In the appendix I’ve included a number of additional plots and an interpretation of our final plots. Being that this information could provide valuable insight, I wanted to include without overloading the main report.

Metric Maps

I’ve included choropleth maps for individual components / metrics. They provide a visual representation of how each county fared with regard to the metric in question:

##Median Income

#select only pertinent columns
df_in <- df %>% select(1,2)
df_in <- df_in %>% rename(value = income)

#join data to region codes
plot_1 <- inner_join(df_in, region, by=c("county" = "county.name"))

#create choropleth map
county_choropleth(plot_1, state_zoom = "new jersey", num_colors = 6) +
  scale_fill_brewer(palette="Blues") +
  labs(title = "Median Income by County", fill = "Income Range ($)")

##Population Growth

#select only pertinent columns
df_pop <- df %>% select(1,3)
df_pop <- df_pop %>% rename(value = growth)

#join data to region codes
plot_2 <- inner_join(df_pop, region, by=c("county" = "county.name"))

#create choropleth map
county_choropleth(plot_2, state_zoom = "new jersey", num_colors = 6) +
  scale_fill_brewer(palette="Blues") +
  labs(title = "Population Growth by County", fill = "Population Growth (%)")

##Volleyball Engagement

#select only pertinent columns
df_vb <- df %>% select(1,4)
df_vb <- df_vb %>% rename(value = tph)

#join data to region codes
plot_3 <- inner_join(df_vb, region, by=c("county" = "county.name"))

#create choropleth map
county_choropleth(plot_3, state_zoom = "new jersey", num_colors = 6) +
  scale_fill_brewer(palette="Blues") +
  labs(title = "Volleyball Engagement by County", fill = "Volleyball Engagement (%)")

Favorability Score Table

I’ve included the favorability score table to provide clear, numeric values and better understand the ranking of our preceding volleyball favorability map and bar plot visualizations:

df_comb %>% kbl() %>% kable_minimal()

county	value
atlantic	19.8
bergen	78.2
burlington	56.0
camden	59.5
cape may	7.0
cumberland	0.0
essex	62.9
gloucester	73.4
hudson	100.0
hunterdon	60.1
mercer	46.7
middlesex	88.8
monmouth	67.3
morris	75.0
ocean	80.0
passaic	58.5
salem	6.0
somerset	85.7
sussex	46.2
union	73.7
warren	26.1

Favorability Score Interpretation

While I’d expected Monmouth county to score higher, I didn’t know that the county had seen a net decrease in population in the past decade and this factor alone set the county’s score in a lower bracket.

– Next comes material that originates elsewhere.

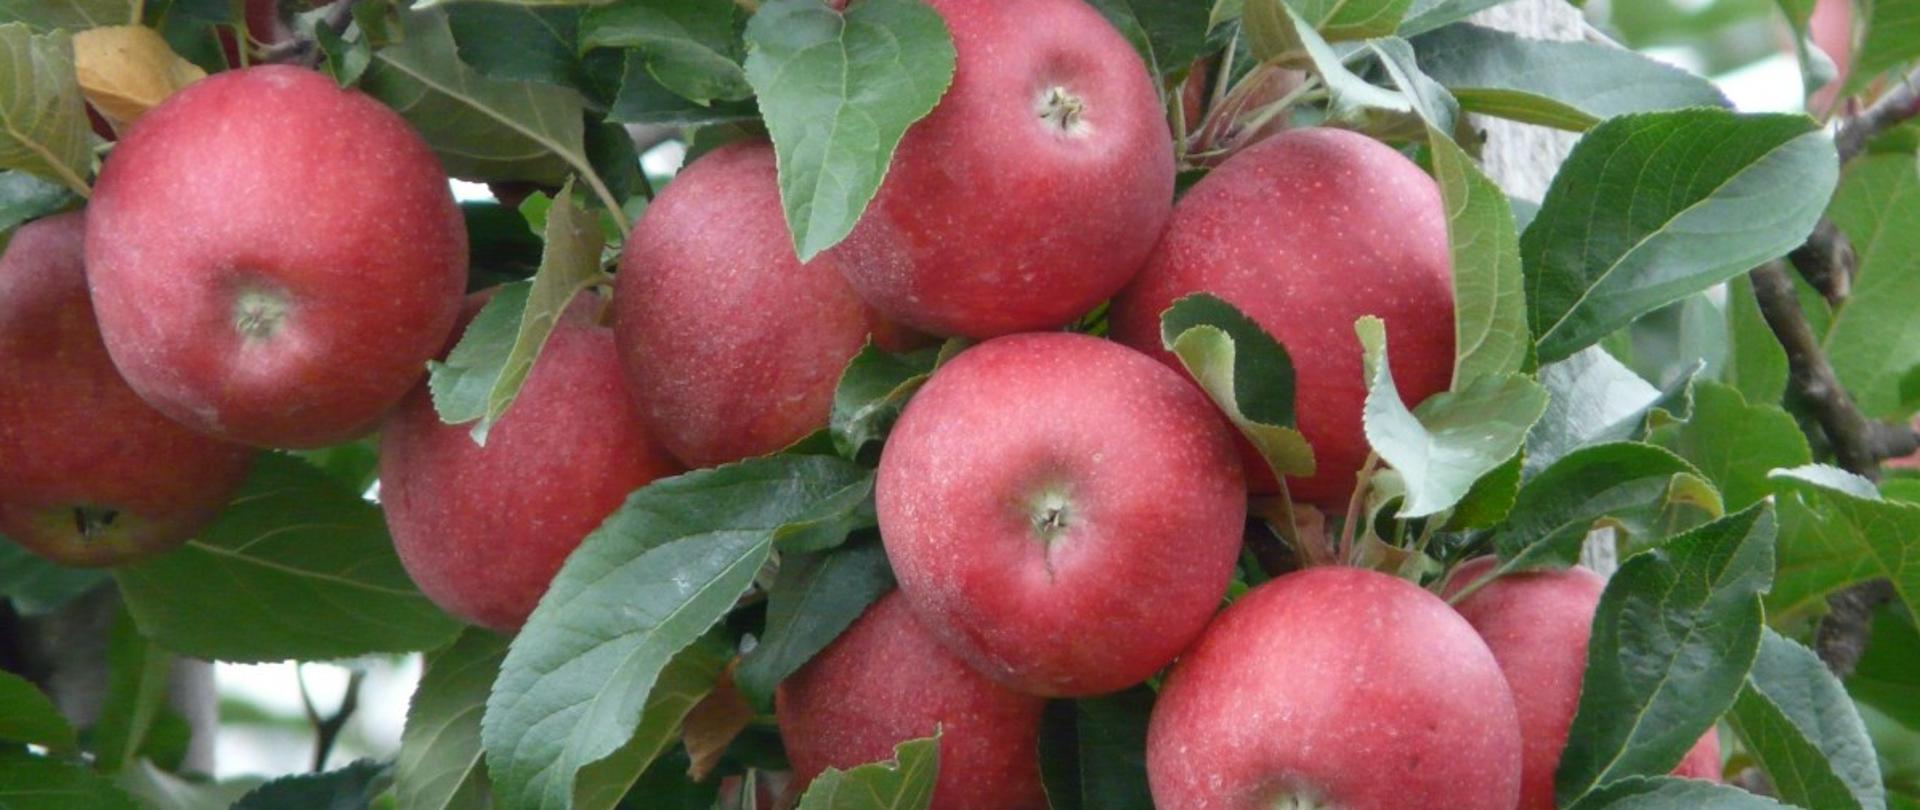 Czerwone jabłka wśród zielonych liści

Whereas Hudson county was the highest performing county for population growth and engagement. Being the top in each of these metrics, set the county as the most favorable even though it wasn’t in the top 3 for income.

When we pause and think for a second, it makes sense. Hudson county has seen a rise in population, livability, and median income. It’s seen an influx of high earning residents (commuting to the city) as well as Hispanic immigrants. Both of these demographics could be favorable in supporting a new volleyball club. A younger, higher earning population, that loves the game is a great community to become a part of.